Una curiosa analisi linguistica dei discorsi di Capodanno dal Colle
Il «tricolore» di Ciampi


Il più loquace? Scalfaro; il più arcaico? Einaudi; il più politico? Saragat. E il più patriottico? Non c'è sorpresa, qui: attraversato dai raggi x dell'analisi linguistica, Carlo Azeglio Ciampi mostra anche nei suoi discorsi televisivi di fine anno la più alta densità e la maggior frequenza dei termini-chiave dell'amor di Patria italiano ed europeo: «patriottismo», «tricolore» e «inno» sono parole che nessun altro Presidente della Repubblica aveva mai usato nei propri indirizzi augurali. Ad avere l'idea di passare al setaccio (anzi al computer) il testo dei discorsi presidenziali di fine anno sono stati la sociologa Arjuna Tuzzi e il linguista Michele Cortelazzo, che in un convegno a Padova hanno presentato martedì scorso i risultati della singolare ricerca.

A metà strada fra statistica e linguistica, ne emerge un panorama inconsueto della storia repubblicana, dal primo breve discorso radiofonico pronunciato nel 1949 da Luigi Einaudi a quelli - in media sempre più lunghi - dei suoi successori. Discorsi per nulla rigidi e stereotipati, visto che ogni Presidente sa dare ai propri un'individualità ben riconoscibile, che li rende un genere tutt'altro che statico e meramente cerimoniale. Ogni inquilino del Quirinale, insomma, ne fa un riflesso della propria personalità: così, il socialdemocratico Saragat intesse i suoi discorsi con parole ed espressioni che risentono delle sue radici politico-culturali, da «posti di lavoro» a «settori produttivi», da «lavoratori» a «contadini e operai». Tratti ignoti ai suoi predecessori, che puntualmente torneranno nei messaggi dell'altro socialista, Sandro Pertini. Il quale si mostra il più attento alla drammatica attualità di un'Italia percorsa da «attentati», «ordigni», e minacciata dal «terrorismo», termine che il Presidente savonese evoca con particolare frequenza. Dopo gli altalenanti anni di Cossiga - che giunse, nel 1991, a pronunciare un discorso di poche righe - Scalfaro ritorna all'ordine costellando i suoi lunghi interventi "dal caminetto" con richiami a istituzioni e circostanze politiche - «magistrato», «ministro», «ministero», «crisi di governo»: termini esclusivi (a sorpresa) del Presidente emerito.
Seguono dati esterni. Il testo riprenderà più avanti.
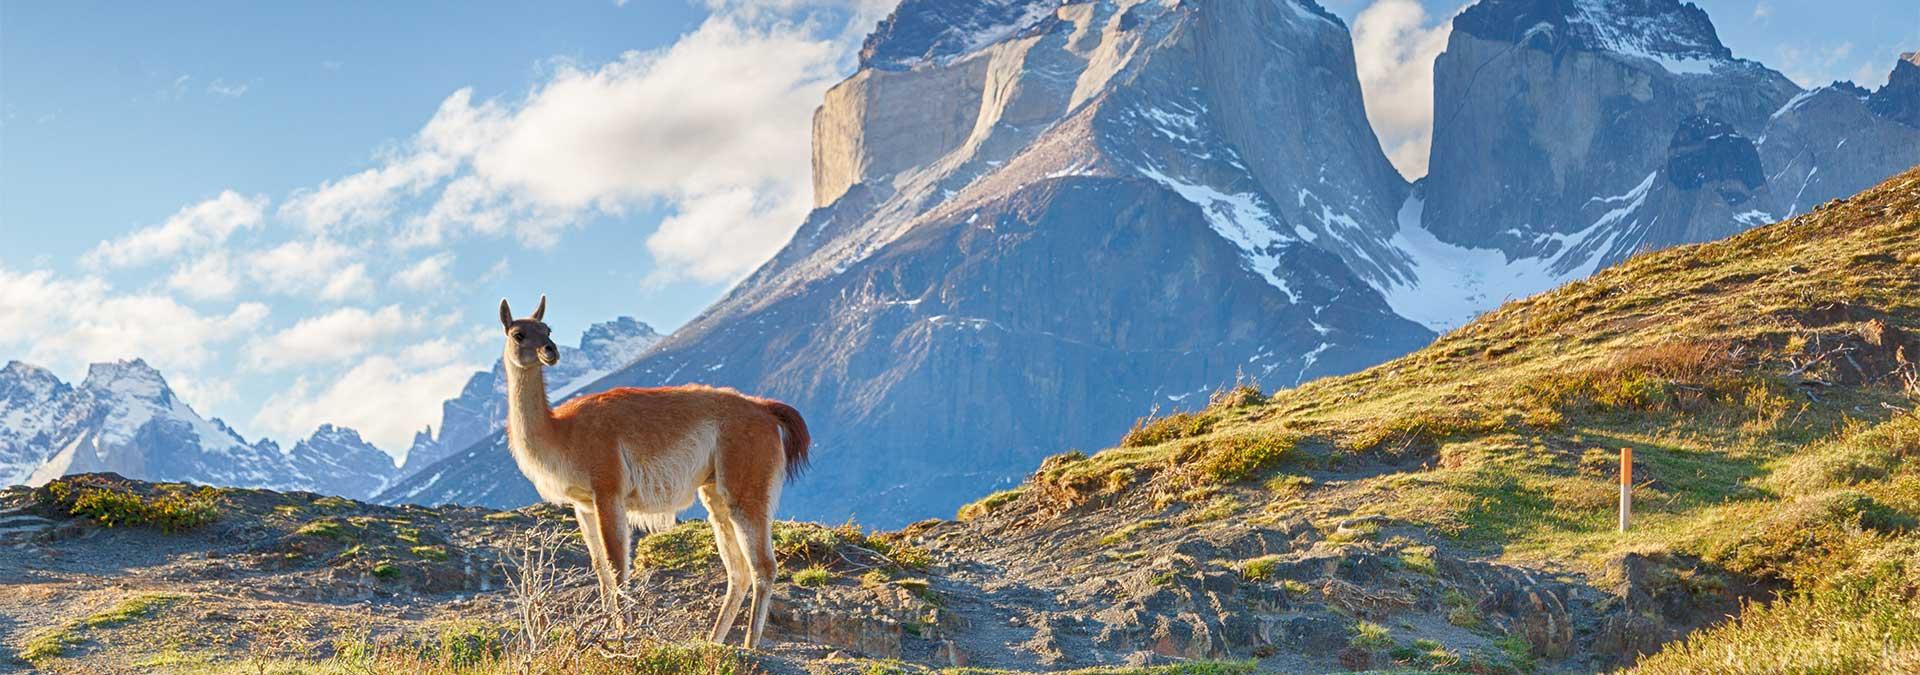 Patagonia mountain range

Fino a Ciampi: meno loquace del predecessore, concentrato sui temi dell'Europa e di un'Italia un po' volta al passato risorgimentale, un po' a un futuro continentale, tutto da costruire. Se il Presidente livornese è il primo a pronunciare davanti alle telecamere la sera di San Silvestro il sintagma «mia moglie», con una miscela tra solennità e familiarità affettuosa («care italiane», «cari italiani», «mia generazione», «nostra storia») i suoi discorsi duemilleschi appaiono lontani e vicini insieme a quelli di un altro grande gentiluomo, Luigi Einaudi, che negli anni Cinquanta parlava ancora di «borghi» e «casolari», di «focolari» cui dovevano giungere i «lieti auspici» di un «anno fecondo». Altri tempi, senza dubbio. Altri presidenti. In attesa del primo 31 dicembre del suo settennato, gli appassionati di lingua possono intanto già lavorare sulle parole del Presidente Napolitano: troppo presto per esercitarsi sui suoi discorsi presidenziali, ma non - caso raro - sui suoi versi. In dialetto partenopeo.